> Task details
Your copy should start at the line with "Installation, Umzug, Systemwiederherstellung!" and end at the line with "Fri Oct 21, 10:00 PM - Sat Oct 22, 3:00 AM" in the data below. Transcribe only those lines, exactly, pictures excluded.

> Extracted material
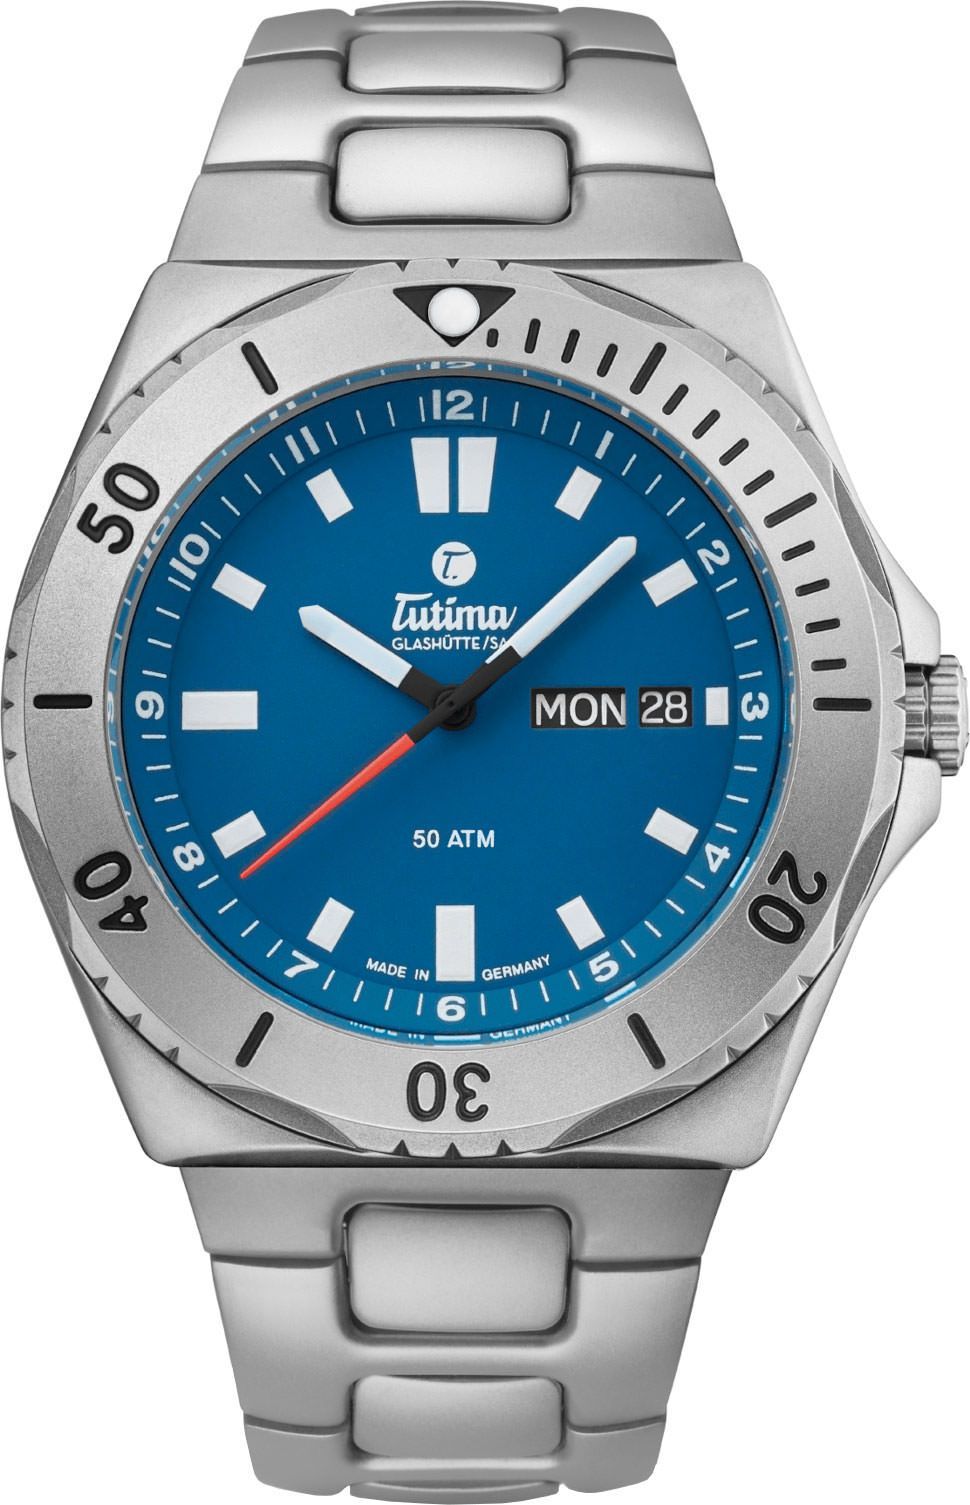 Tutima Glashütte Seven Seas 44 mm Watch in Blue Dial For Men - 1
...
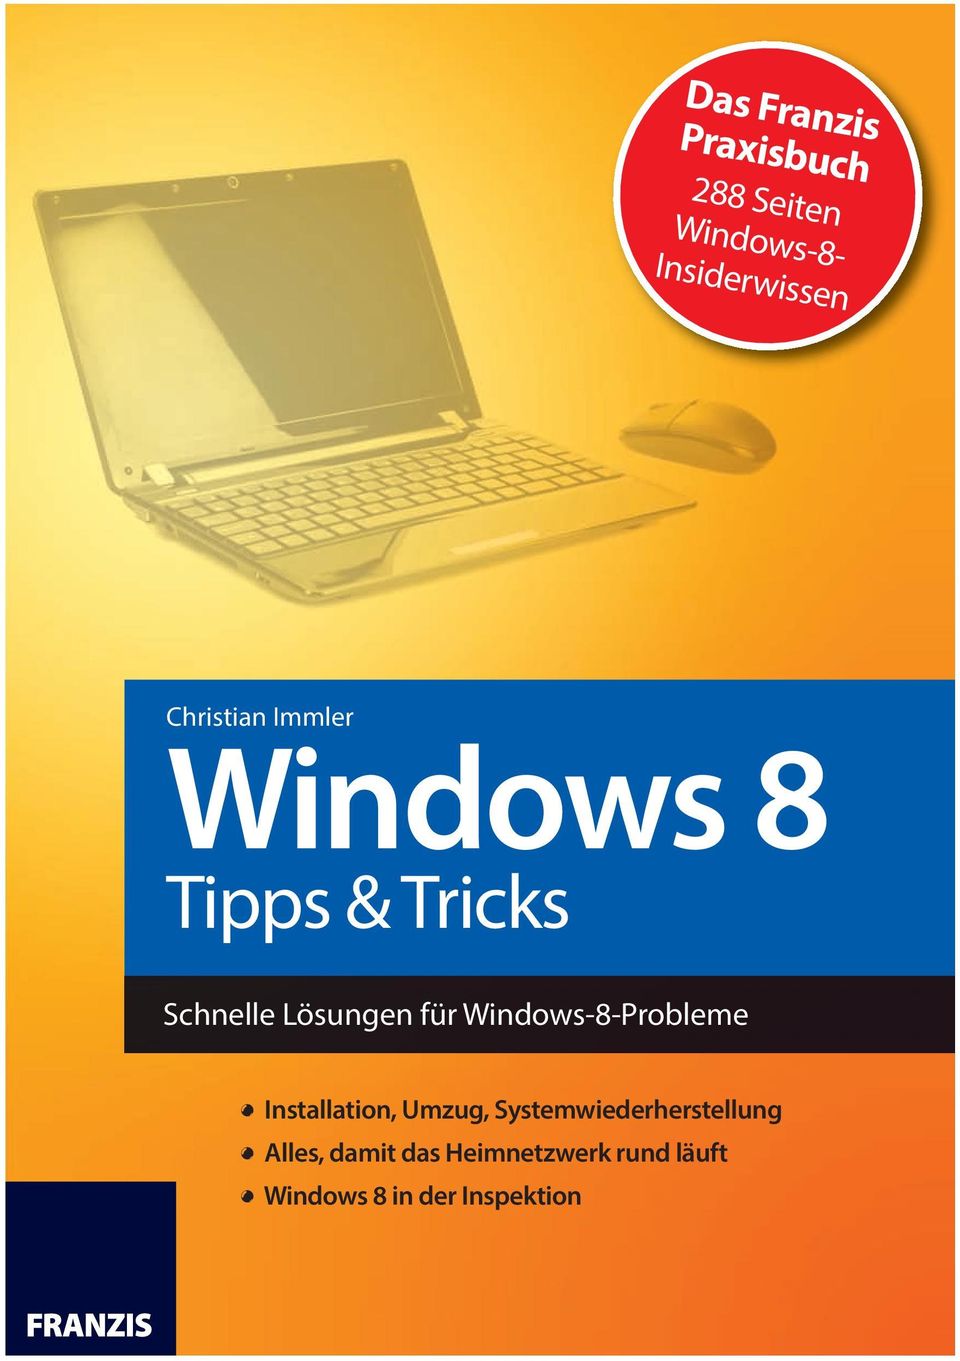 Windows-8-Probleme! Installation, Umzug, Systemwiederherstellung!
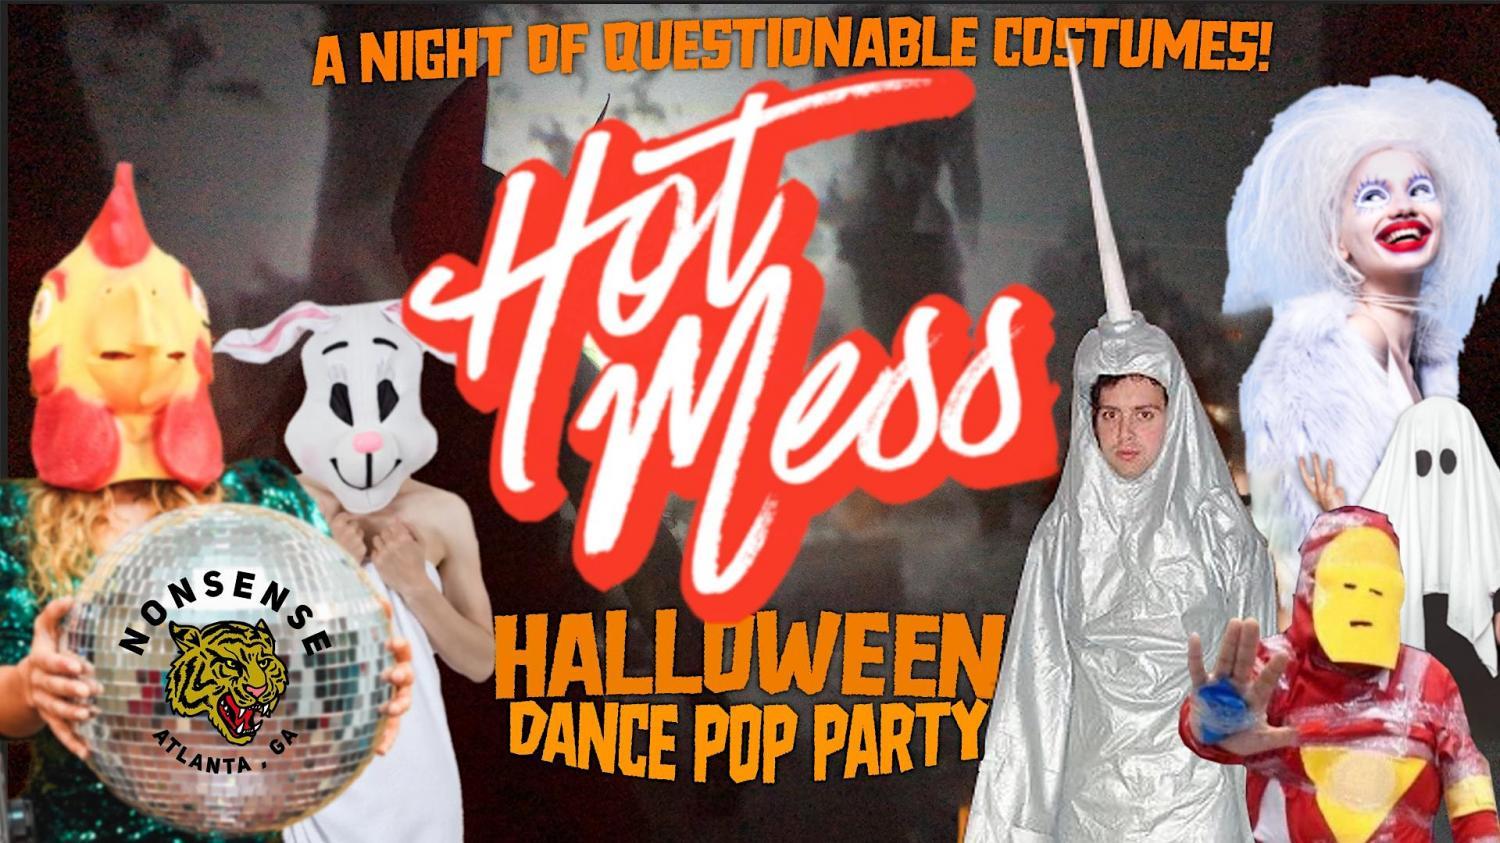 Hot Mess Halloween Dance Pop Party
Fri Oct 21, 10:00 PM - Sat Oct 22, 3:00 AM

> Solution
 Windows-8-Probleme! Installation, Umzug, Systemwiederherstellung!
 Hot Mess Halloween Dance Pop Party
Fri Oct 21, 10:00 PM - Sat Oct 22, 3:00 AM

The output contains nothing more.